Reputation: 385
I have a (493,20) pandas dataframe and want to compute a conditional np.nanmean() for each row. The condition is that each value in the row needs to be above a certain threshold and below another. Here's my current setup:
filt_avg_data= np.nanmean(data_tsl.apply(func= lambda x: x[(x < maxval*np.median(x)) & (x > minval*np.median(x))], axis= 1),axis=1)
where maxval: 10, minval: 0.1, and data_tsl.shape= (493,20). This works okay.
However, I want to vectorize this operation - I don't want to use the df.apply() function. I tried
data_tsl>np.median(data_tsl,axis=1)
to create a mask of values on which I can perform a np.nanmean() operation on, but it seems as though I can't get each row of data_tsl
to correspond to its respective median value.
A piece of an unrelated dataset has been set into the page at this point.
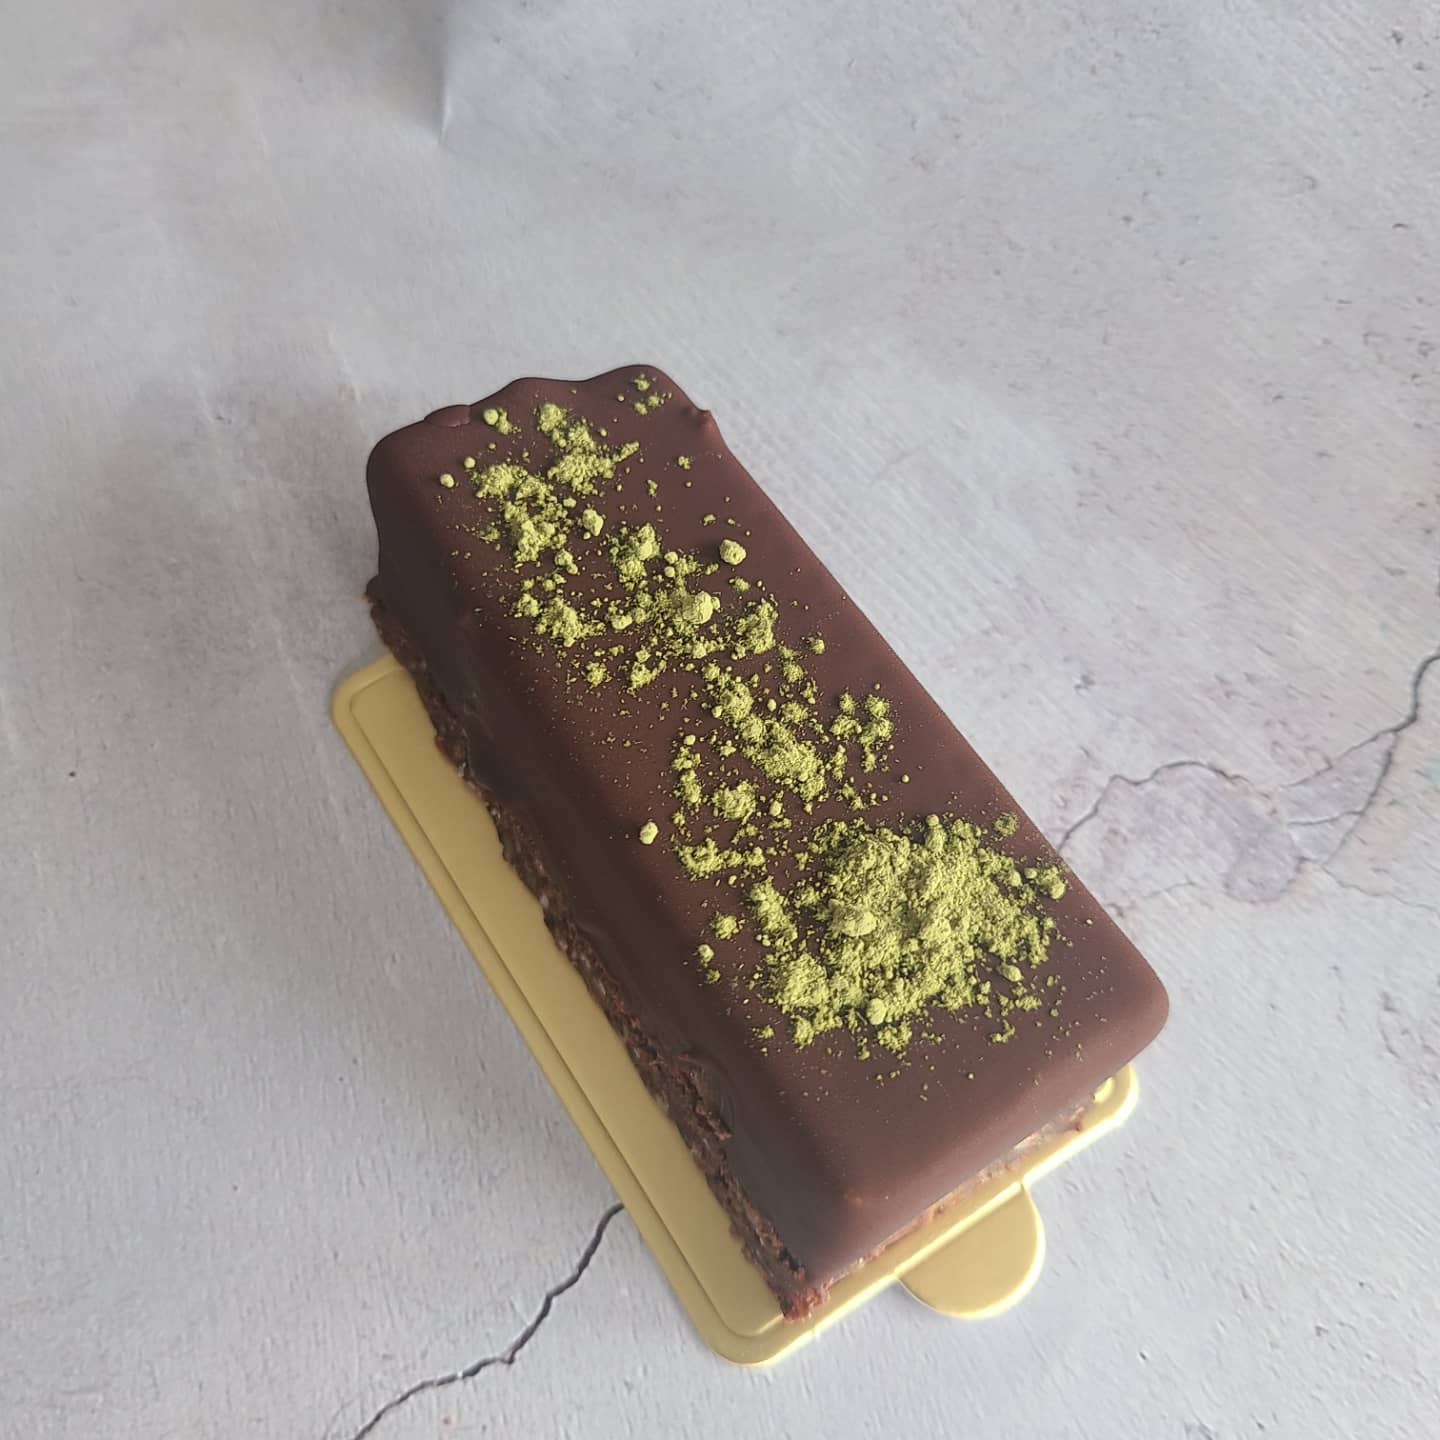 Chocolate-Matcha bars

Here is the error that pops up: ValueError: operands could not be broadcast together with shapes (493,2) (493,)
How might I be able to vectorize this operation? Several questions that were similar to this weren't actually asking to vectorize the problem - rather, simply to get the .apply() operation to work.
Upvotes: 0
Views: 142
Reputation: 221634
If you have NaNs
in the input data, I would think you want to use np.nanmedian
to ignore NaNs
from the median calculation. Going with it, we can use the combined mask for the upper and lower thresholds to set the invalid ones to NaNs
as well and finally use np.nanmean
-
a = data_tsl.values # use data_tsl.values.copy() to avoid editing input df
med = np.nanmedian(a,axis=1)
U = maxval*med
L = minval*med
a[(a >= U[:,None]) | (a <= L[:,None])] = np.nan
out = np.nanmean(a,axis=1)
Upvotes: 2